Il secondo fiume si chiama Ghicon: esso scorre intorno a tutto il paese d'Etiopia.
14 En de naam der derde rivier is Hiddekel; deze is gaande naar het oosten van Assur. En de vierde rivier is Frath.
Il terzo fiume si chiama Tigri: esso scorre ad oriente di Assur.
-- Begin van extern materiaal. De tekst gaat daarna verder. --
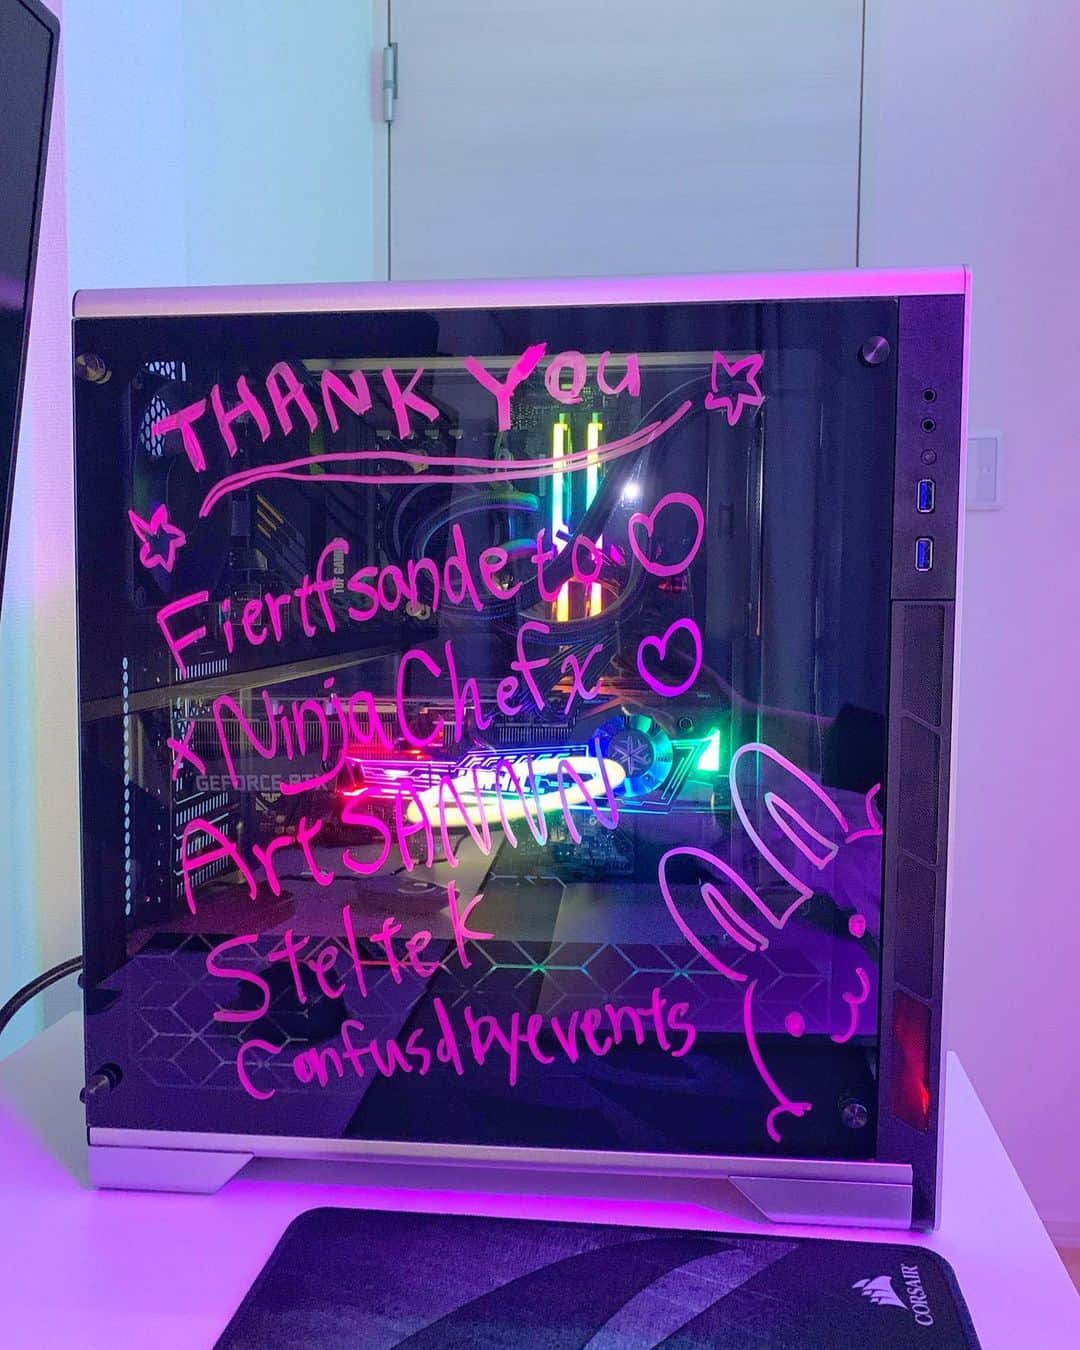 Rabiさんのインスタグラム写真 - (RabiInstagram)「New PC is an absolute BEAST🔥✨ Thank you all so much for the support you have given me, I never imagined this would be possible in 6 months!🙌🏻 I honestly don’t know how to express my gratitude in words because no matter how much I say thank you I still feel like it’s not good enough.🥺  I love you all!🐰💜💜💜 ︎┈︎┈︎┈︎┈︎┈︎┈︎┈︎┈︎┈︎┈︎┈︎ BIG shoutout to TOP 5 donors  ︎👑 Fiertfsandeto ✧ xNinjaChefx ✧ ArtSANNN ✧ steltek ✧ ConfusdByEvents ︎┈︎┈︎┈︎┈︎┈︎┈︎┈︎┈︎┈︎┈︎┈︎ SPECS  - CPU: Ryzen 7 5800X - GPU: RTX 3070 - ROM: 32GB(16GB*2) - SSD: 500GB - HDD: 4TB - PSU: 750W 80PLUS GOLD ⁡ #twitchstreamer #twitchgirls #girlgamer #gamergirl #girlstreamer #japanesegirl #japanesecosplayer #ゲーマー女子 #ゲーム女子 #ゲーミングpc」10月23日 23時51分 - cosmicrabbit

Il quarto fiume è l'Eufrate.
15 Zo nam de HEERE God den mens, en zette hem in den hof van Eden, om dien te bouwen, en dien te bewaren.
Il Signore Dio prese l'uomo e lo pose nel giardino di Eden, perché lo coltivasse e lo custodisse.
16 En de HEERE God gebood den mens, zeggende: Van allen boom dezes hofs zult gij vrijelijk eten;
Il Signore Dio diede questo comando all'uomo: «Tu potrai mangiare di tutti gli alberi del giardino,
17 Maar van den boom der kennis des goeds en des kwaads, daarvan zult gij niet eten; want ten dage, als gij daarvan eet, zult gij den dood sterven.
ma dell'albero della conoscenza del bene e del male non devi mangiare, perché, quando tu ne mangiassi, certamente moriresti».
18 Ook had de HEERE God gesproken: Het is niet goed, dat de mens alleen zij; Ik zal hem een hulpe maken, die als tegen hem over zij.
Poi il Signore Dio disse: «Non è bene che l'uomo sia solo: gli voglio fare un aiuto che gli sia simile».
19 Want als de HEERE God uit de aarde al het gedierte des velds, en al het gevogelte des hemels gemaakt had, zo bracht Hij die tot Adam, om te zien, hoe hij ze noemen zou; en zo als Adam alle levende ziel noemen zoude, dat zou haar naam zijn.
Allora il Signore Dio plasmò dal suolo ogni sorta di bestie selvatiche e tutti gli uccelli del cielo e li condusse all'uomo, per vedere come li avrebbe chiamati: in qualunque modo l'uomo avesse chiamato ognuno degli esseri viventi, quello doveva essere il suo nome.
20 Zo had Adam genoemd de namen van al het vee, en van het gevogelte des hemels, en van al het gedierte des velds; maar voor den mens vond hij geen hulpe, die als tegen hem over ware.
Così l'uomo impose nomi a tutto il bestiame, a tutti gli uccelli del cielo e a tutte le bestie selvatiche, ma l'uomo non trovò un aiuto che gli fosse simile.
21 Toen deed de HEERE God een diepen slaap op Adam vallen, en hij sliep; en Hij nam een van zijn ribben, en sloot derzelver plaats toe met vlees.
Allora il Signore Dio fece scendere un torpore sull'uomo, che si addormentò; gli tolse una delle costole e rinchiuse la carne al suo posto.
22 En de HEERE God bouwde de ribbe, die Hij van Adam genomen had, tot een vrouw, en Hij bracht haar tot Adam.
Il Signore Dio plasmò con la costola, che aveva tolta all'uomo, una donna e la condusse all'uomo.
23 Toen zeide Adam: Deze is ditmaal been van mijn benen, en vlees van mijn vlees! Men zal haar Manninne heten, omdat zij uit den man genomen is.
«Questa volta essa è carne dalla mia carne e osso dalle mie ossa. La si chiamerà donna perché dall'uomo è stata tolta». Allora l'uomo disse:
24 Daarom zal de man zijn vader en zijn moeder verlaten, en zijn vrouw aankleven; en zij zullen tot een vlees zijn.
Per questo l'uomo abbandonerà suo padre e sua madre e si unirà a sua moglie e i due saranno una sola carne.
25 En zij waren beiden naakt, Adam en zijn vrouw; en zij schaamden zich niet.
Ora tutti e due erano nudi, l'uomo e sua moglie, ma non ne provavano vergogna.